What is NLP?
Neuro-Linguistic Programming (NLP) is about noticing patterns. So, in NLP, we are not so much interested in content as in process – not so much in what happens, but how it happens.
Often this shift to focusing on process rather than content, is an interesting transition for us to make. The first step is to pay attention to the process of your interaction with others — listen to the form, watch the form, feel the form, and not get involved in the content.
The modalities of NLP are one way of categorizing exactly what a person does inside their head as they think. They are a way or a model for what a person does in their head as they make up an Internal Representation (I/R). In the process of creating Neuro Linguistic Programming, Bandler and Grinder discovered that by looking at someone’s eyes, you could tell HOW they think. Not what they think, but HOW they think. You can tell what they’re doing inside.
Based on observations by Bandler and Grinder, when people look up, they’re visualizing. When they look horizontally to the left and right, they’re either remembering or constructing sounds. When they look downward and to our left, they’re accessing their feelings. And when they look downward and to our right, they’re talking to themselves (Auditory Digital). Many left-handed people and some ambidextrous people will have eye movements that are reversed.
NLP began as a model of how we communicate to ourselves and others which was developed by Richard Bandler and John Grinder in 1975. This model explains how we process the information that comes into us from the outside. The belief is that “The map is not the territory.” And so the internal representations that we make about an outside event are not necessarily the event itself.
Typically, what happens is that there is an external event and we run that event through our internal processing. We make an Internal Representation (I/R) of that event. That I/R of the event combines with a physiology and creates a state. “State” refers to the internal emotional state of the individual — a happy state, a sad state, a motivated state, and so on.
Our I/R includes our internal pictures, sounds and dialogue, and our feelings (for example, whether we feel motivated, challenged, pleased, excited, and so on). A given state is the result of the combination of an internal representation and a physiology. So what happens is that an event comes in through our sensory input channels which are: visual, auditory, kinesthetic, olfactatory, gustatory.
The external event comes in through our sensory input channels and it is filtered — we process the event. As we process the event, we delete, distort, and generalize the information that comes in, according to a number of elements that filter our perception.
So, one question is, when two people have the same stimulus, why don’t they have the same response?
The answer is, because we delete, distort, and generalize the information from the outside.
We delete, distort and generalize the information that comes in from our senses based on one of five filters. The filters are, Meta Programs, belief systems, values, decisions, and memories.
The first of these NLP filters is Meta Programs. Knowing someone’s Meta Programs can actually help you clearly and closely predict people’s states, and therefore predict their actions. One important point about Meta Programs: they are not good or bad, they are just the way someone handles information.
The next filter is values. Values are essentially an evaluation filter. They are how we decide whether our actions are good or bad, or right or wrong.

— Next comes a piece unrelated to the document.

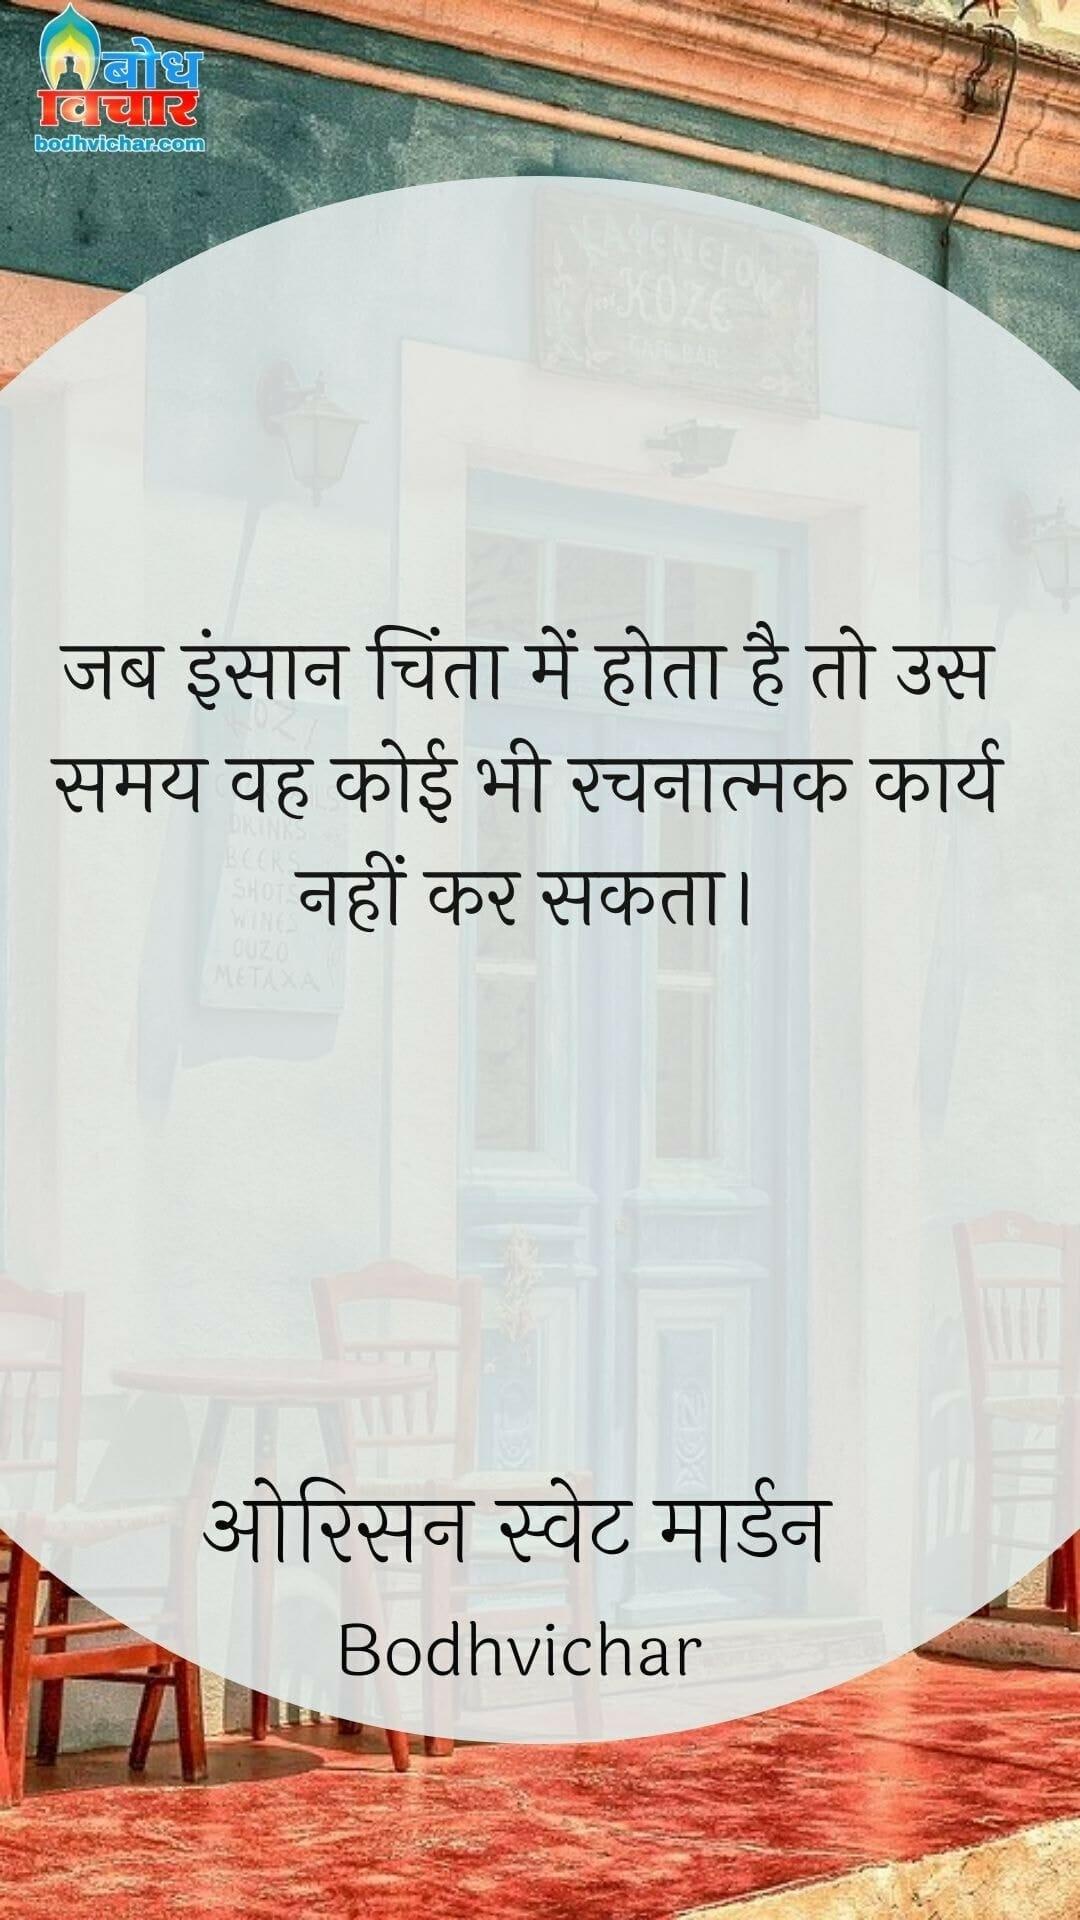 जब इंसान चिंता में होता है तो उस समय वह कोई भी रचनात्मक कार्य नहीं कर सकता। : Jab insaan chinta mein hota hai to us samay vah koi bhi rachnatmak karya nahi kar sakta. - ओरिसन स्वेट मार्डन

And they are how we decide about how we feel about our actions. Values are arranged in a hierarchy with the most important one typically being at the top and lesser ones below that. We all have different models of world (an internal model about the world), and our values are the result of our model of the world. When we communicate with ourselves or someone else, if our model of the world conflicts with our values or their values, then there’s going to be a conflict.
Values are what people typically move toward or away from (see Meta Programs). They are our attractions or repulsion’s in life. They are essentially a deep, unconscious belief system about what’s important and what’s good or bad to us. Values change with context too. That is, you probably have certain values about what you want in a relationship and what you want in business. Your values about what you want in one and in the other may be quite different. And actually, if they’re not, it’s possible that you may have trouble with both. Since values are context related, they may also be state related, although values are definitely less related to state than are beliefs
The next filter is beliefs. Beliefs are generalizations about how the world is. One of the important elements in modeling is to find a person’s beliefs about the particular behavior we are trying to model. Richard Bandler says “Beliefs are those things we can’t get around.” Beliefs are the presuppositions that we have about the way the world is that either create or deny personal power to us. So, beliefs are essentially our on/off switch for our ability to do anything in the world. In the process of working with someone’s beliefs, it’s important to elicit or find out what beliefs they have that cause them to do what they do. We also want to find out the disabling beliefs, the ones that do not allow them to do what they want to do.
The fourth element is our memories. In fact, some psychologists believe that as we get older, our reactions in the present are reactions to gestalts (collections of memories which are organized in a certain way) of past memories, and that the present plays a very small part in our behavior.
The fifth element, and related to memories, is decisions that we’ve made in the past. Decisions may create beliefs, or may just affect our perceptions through time. The problem with many decisions is that they were made either unconsciously or at a very early age, and are forgotten.
These filters will determine our internal representation of an event that is occurring right now. It is our internal representation that puts us in a certain state, and creates a certain physiology. The state in which we find ourselves, will determine our behavior.
Remember that in this model the map, the I/R, is not the territory. Our every experience is something that we literally makeup inside our heads. We do not experience reality directly, since we are always deleting, distorting, and generalizing. Essentially, what we do experience is our experience of the territory and not the territory itself.